The Music Lovers
Oléo Films
MOVIE REVIEW
Maestra (2023)
The first thing that happens in "Maestra," a documentary by Maggie Contreras following an international group of female orchestral conductors, is the sound of someone screaming in rage or agony or anguish over a black screen. A viewer primed by the film "Tár" for the psychodramas of the profession will suspect the person shrieking might be about to stab someone with a baton; but when the lights come up it turns out to be Mélisse Brunet, a modest and experienced French-born conductor guiding a young student through a spot of primal scream therapy. Ms. Brunet advises her pupil to "Wear what you want and do what you want" at the podium, the film's first approach to the expectations that can restrict female conductors, and the likelihood that they will be told to do neither of those things. The individuals followed by "Maestra" are diverse, talented and committed; but by the end you appreciate why Ms. Brunet's screams might be coming from the heart.

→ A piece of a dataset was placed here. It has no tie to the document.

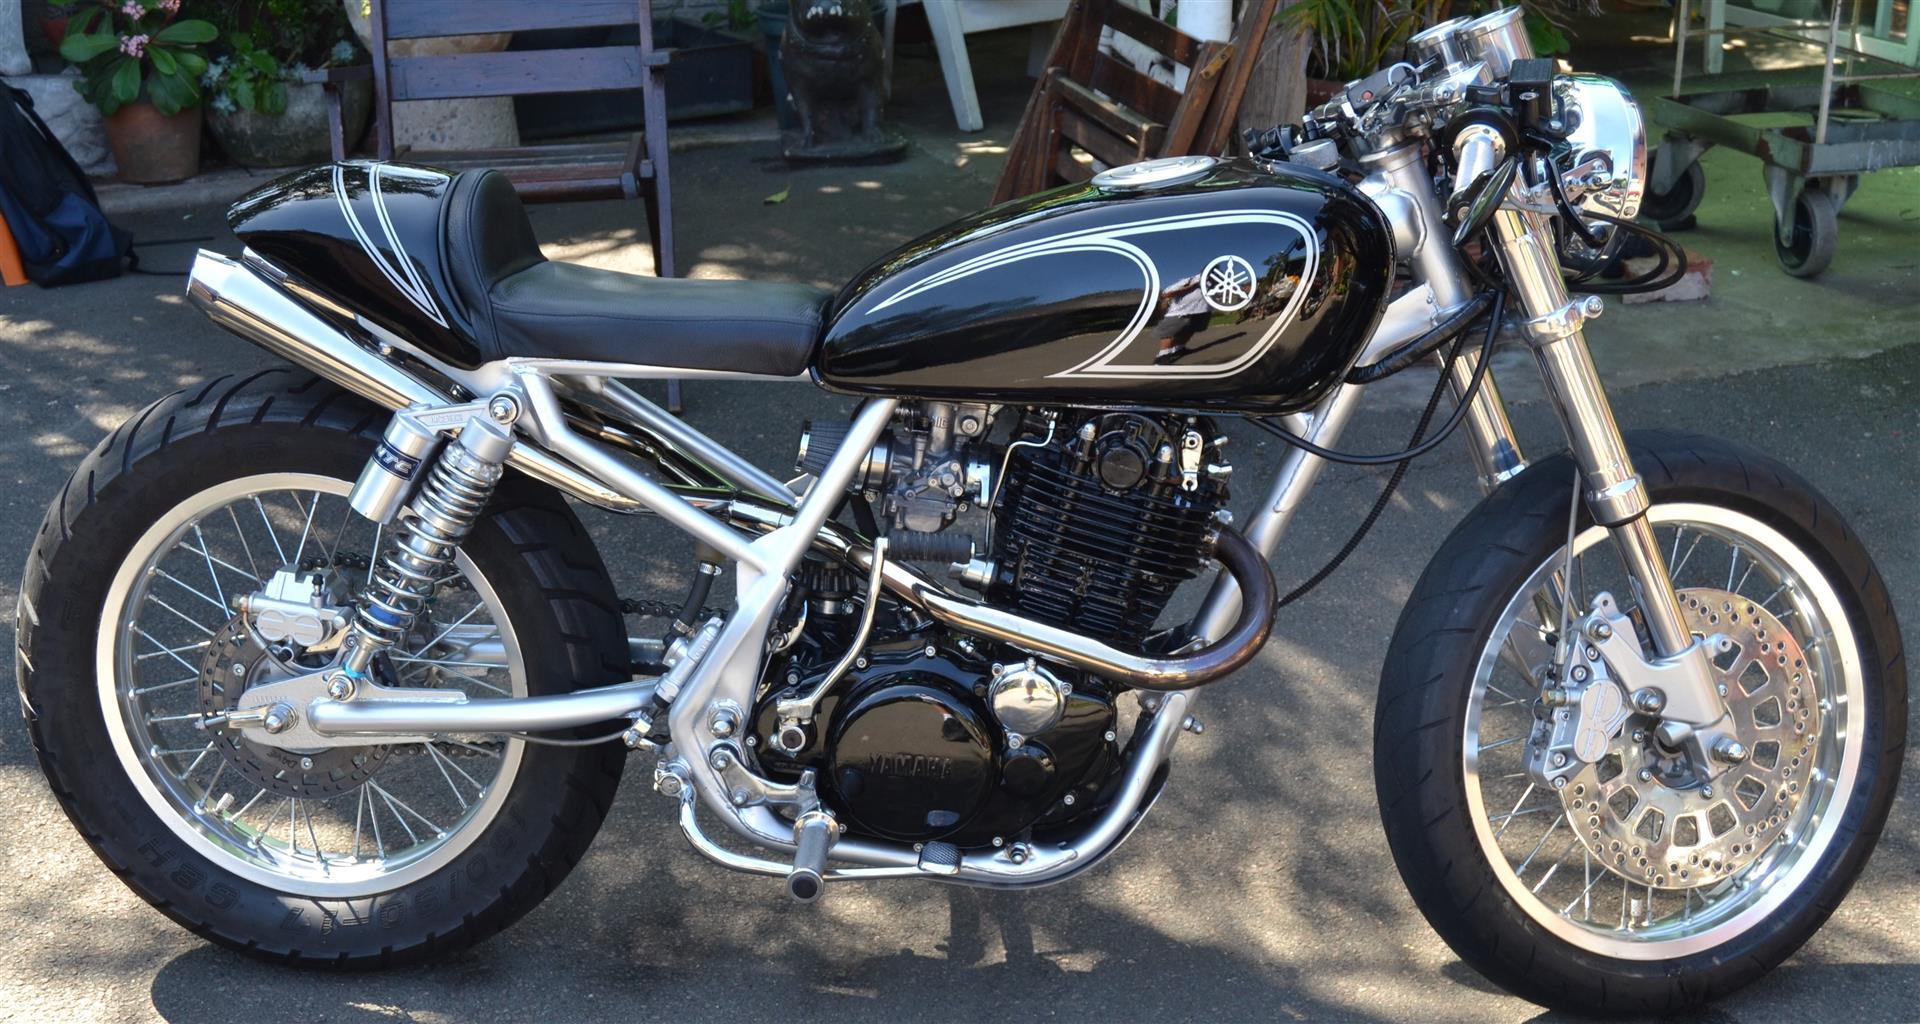 Yamaha Cafe Racer For Sale South Africa

The film accompanies its subjects through the 2022 La Maestra competition, the only one in the world for female orchestral conductors and founded for that purpose as recently as 2020. The profession remains male dominated, statistically and temperamentally. Although judging a good conductor from a poor one is tricky enough for a passing observer, even those in the trade accept that masculine physicality and a performative grabbing of a piece of music by the bells are the qualities thought to convey a job done well. Other hurdles also accumulate for women, which the documentary gives them the space to explain. American Tamara Dworetz, visualizing her art while lying on the living room floor eyes closed like a Grand Prix driver imagining the track, wants to start a family but knows that pregnancy may stall career momentum permanently. In Athens, Zoe Zeniodi already has kids, eating into available time and resources; the children joust with Harry Potter wands modeling her baton, and watch Mickey Mouse in "Fantasia" for comparison with mom's job.

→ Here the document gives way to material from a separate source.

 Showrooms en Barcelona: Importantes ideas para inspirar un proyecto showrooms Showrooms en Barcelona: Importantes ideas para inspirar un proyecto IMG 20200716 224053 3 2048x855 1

Once competition at La Maestra kicks off, "Maestra" settles into the genre of uplifting contest-based documentary, taking the opportunity to put compositions by Clara Schumann and Louise Farrenc on the same artistic level as ones by Maurice Ravel and Wolfgang Amadeus Mozart. But by then the camera has also followed Ms. Brunet on her down-time wandering through the rehearsal rooms and corridors of the Philharmonie de Paris concert hall, where clearly ghosts are lurking. From the start of the film there have been hints of unhappy events during her youth as a music student in Paris, and participating in the competition requires Ms. Brunet to process the past and consent to it coalescing into a part of "Maestra's" narrative. She revisits her childhood home, where conductor's batons inserted long ago into the soil of plant pots as dowels are still there. Ms. Brunet says her unhappy experiences jolted her out of feeling French at all, her connection with the same soil severed involuntarily.
The traumas she is talking about are the ones ubiquitous and seemingly inevitable in male-dominated patriarchal walks of life, which is nearly all of them. The idea that taking control of huge emotional music at the front of hundred players in response is an act of therapy and self-analysis is a strong one and the film is happy to tackle it, although even in the rarefied air of La Maestra the advice to competitors from judges includes evergreens like "You should smile more." Ms. Brunet restrains herself from screaming again, but might have been tempted.